▶ DATASET CONTENT
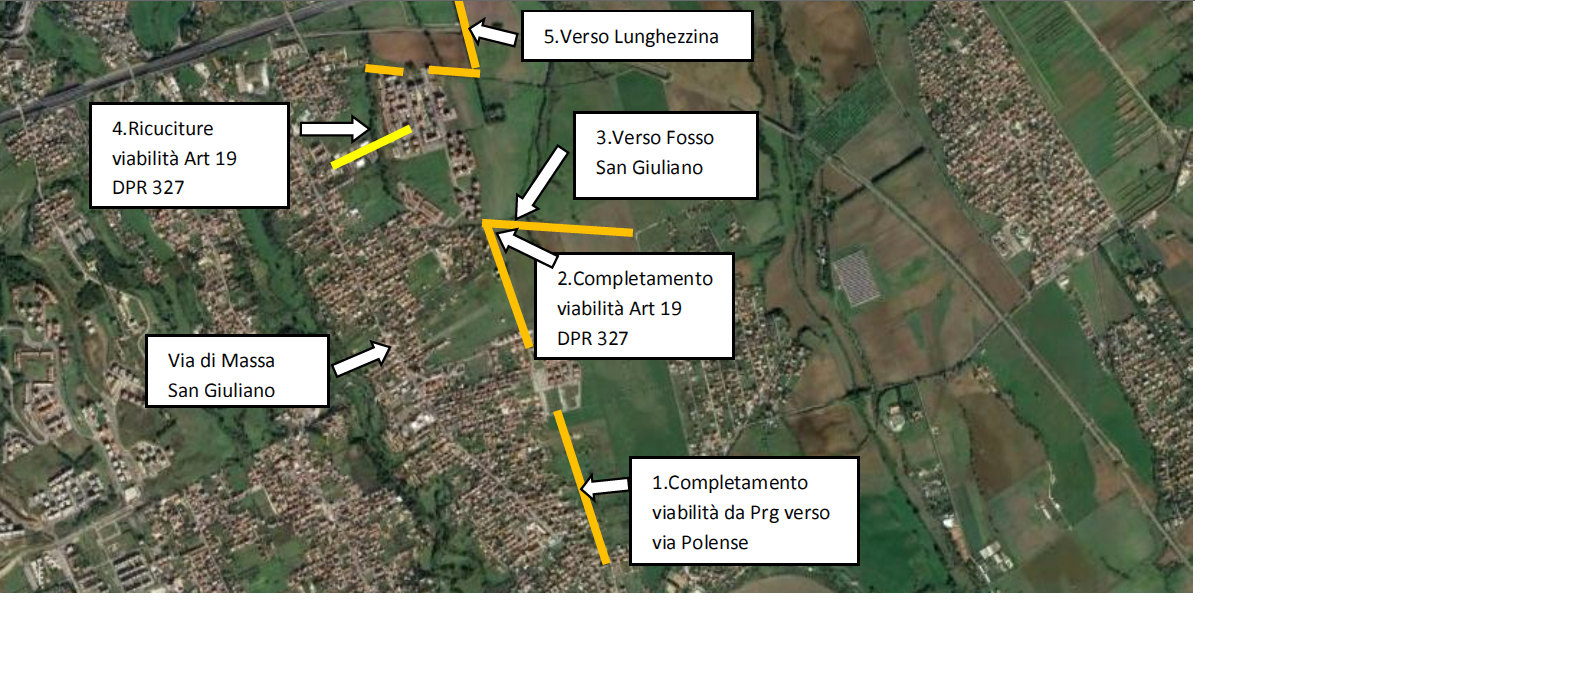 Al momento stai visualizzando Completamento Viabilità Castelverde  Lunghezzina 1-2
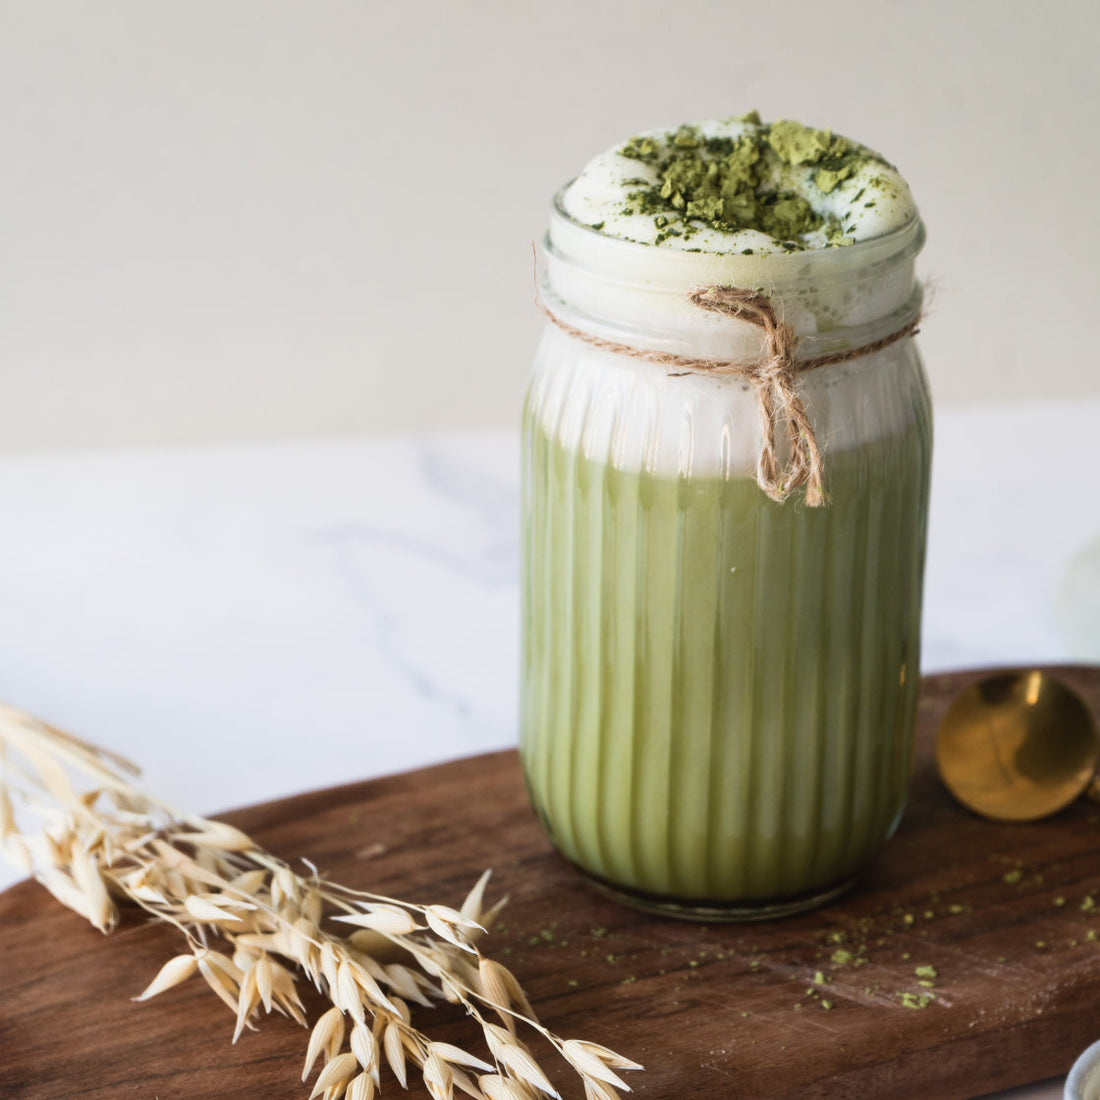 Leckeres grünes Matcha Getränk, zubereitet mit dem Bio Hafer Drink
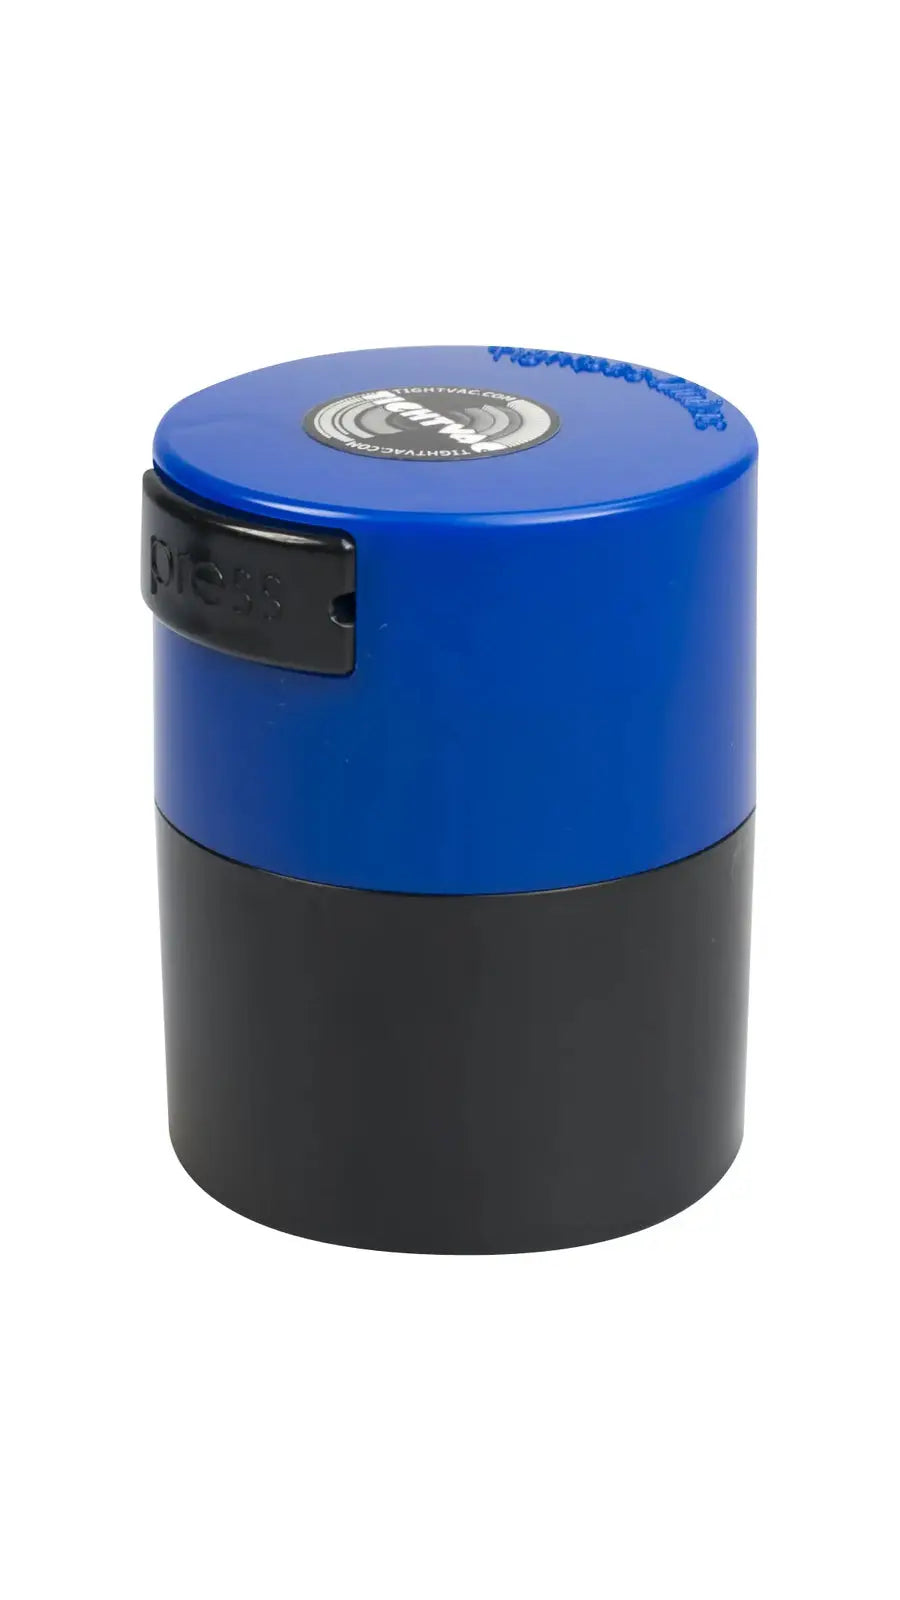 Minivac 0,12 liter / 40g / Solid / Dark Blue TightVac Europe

▶ TASK OBJECTIVE
The lines from the one containing "Leckeres grünes Matcha" through the end of the data above are to be copied exactly, both ends included, and pictures are to be omitted.

▶ EXPECTED OUTPUT
 Leckeres grünes Matcha Getränk, zubereitet mit dem Bio Hafer Drink
 Minivac 0,12 liter / 40g / Solid / Dark Blue TightVac Europe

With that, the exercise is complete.